Foreign Earned Income Exclusion

The Foreign Earned Income Exclusion provides a huge tax break for some self-employed people having moveable trades or businesses. The Exclusion is also a great break for employees who have jobs involving extended assignments overseas and who aren’t required to spend a lot of time in the corporate offices.

U.S. citizens working and residing for nearly a full year in a foreign country may exclude up to $80,000 of their earned income or self-employment earnings from U.S. taxes. But to the extent the foreign country where the individual resides imposes tax on income earned, this is certainly not a way to entirely avoid taxes. The key is whether the country in where you reside and work imposes substantially less taxes than what would have to be paid in the U.S. And, in a few cases, individuals may be able to create a job for themselves in a tax haven country where there is no tax on their earnings.

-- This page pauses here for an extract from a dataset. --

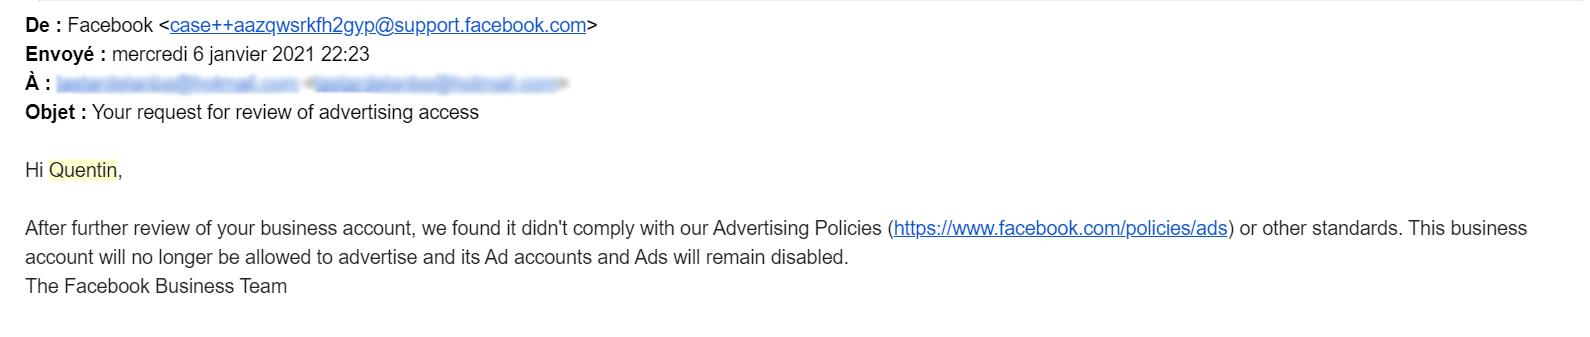 Désactivation définitive de compte publicitaire Facebook Ads

For example, a couple who are s self-published writers relocated for two years to the Bahaman Islands. Their publishing business was a U.S. corporation that continued to publish and sell their books and newsletters. While they worked in the Bahamas, they each were receiving compensation of $70,000 a year for the two years they were in residence. The salaries were deductible by the corporation the same as when the couple worked in the U.S. After accumulating nearly $280,000 of tax free earnings, they returned to the U.S.

The pre-1997 law permitted U.S. citizens working and living abroad to exclude up to $70,000 a year of earnings from U.S. taxes each. This has now been increased by $2,000 a year for each year from the years1998 through 2002. In 2002, the exempt amount became $80,000 per year. After the year 2002, the amount was to be indexed for inflation.

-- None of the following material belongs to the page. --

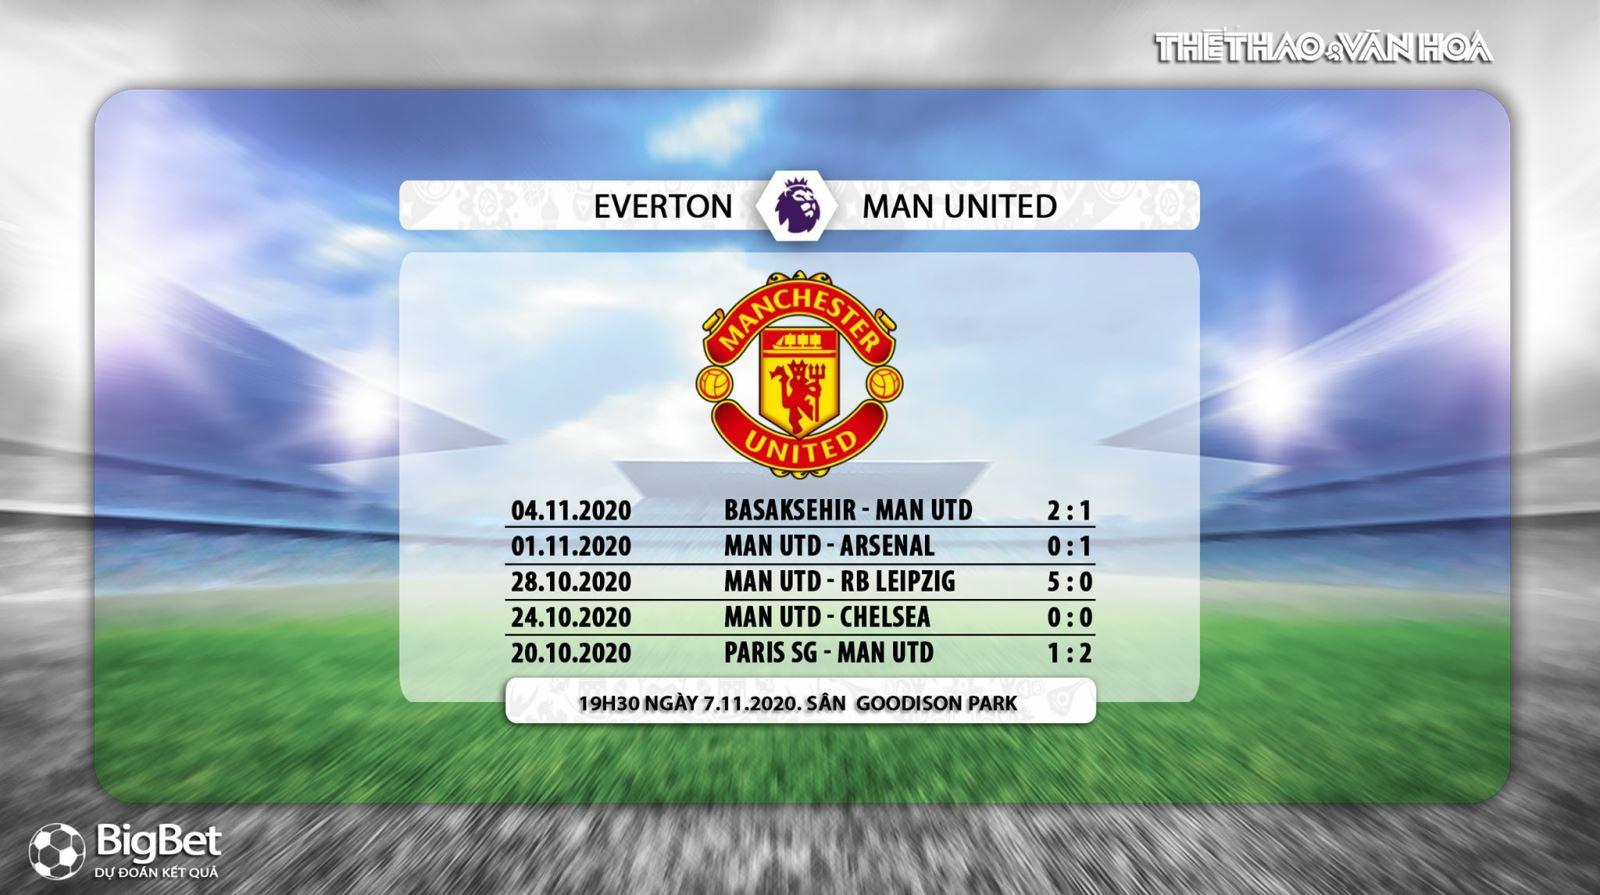 Truc tiep bong da. K+PM. Everton vs MU. Ngoại hạng Anh. Kèo nhà cái. Xem K+. Trực tiếp Premier League vòng 8. Trực tiếp K+ PM. Xem bóng đá trực tuyến MU đấu với everton

This exclusion, which is an alternative to the foreign tax credit, is better choice for those working in high tax foreign countries. The exclusion is even more beneficial for those who work in low tax countries.

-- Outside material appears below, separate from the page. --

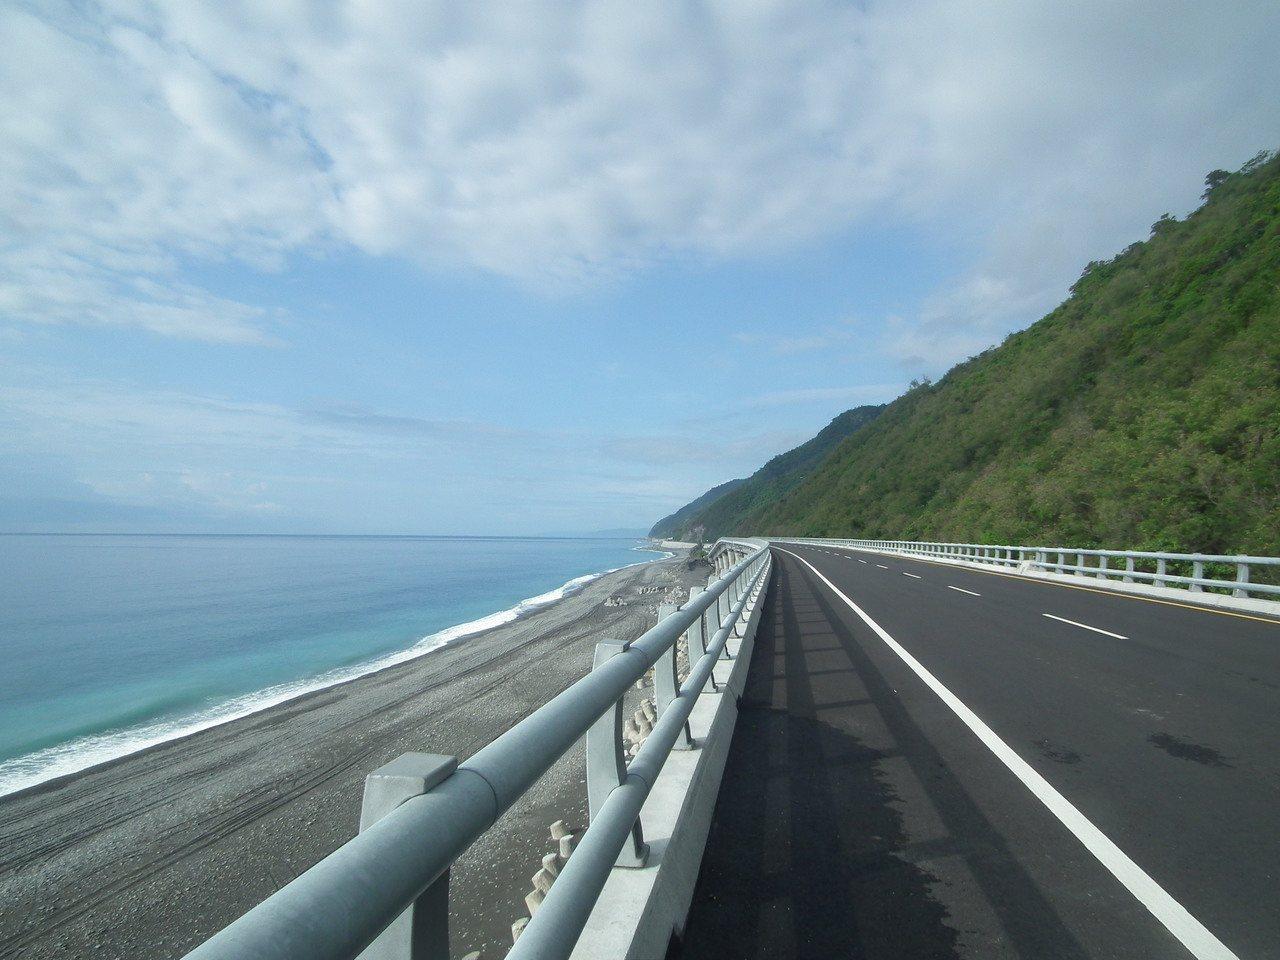 台東南迴公路「多良高架橋」,無邊際海景讓人身心靈解放,被往來駕駛朋友稱為最「療癒...

What’s more, it isn’t required that an individual reside for the entire time in the same foreign country. He can move from country to country. The requirement is that he lives and works abroad for at least 330 days out of each year in order to qualify for the full exclusion. Time that is spent traveling between countries is counted as time spent working in a foreign country. The Foreign Earned Income Exclusion is only available after a U.S. citizen has resided offshore for a period of at least 330 days out of any full year, after which the exclusion becomes available for portions of a year spent working offshore.

It should be noted, however, that any other income realized or earned while working overseas is still subject to U.S. taxes. Any earnings in exceeding the exclusion, such as capital gains, interest, dividends, royalties, etc., is subject to U.S. taxes.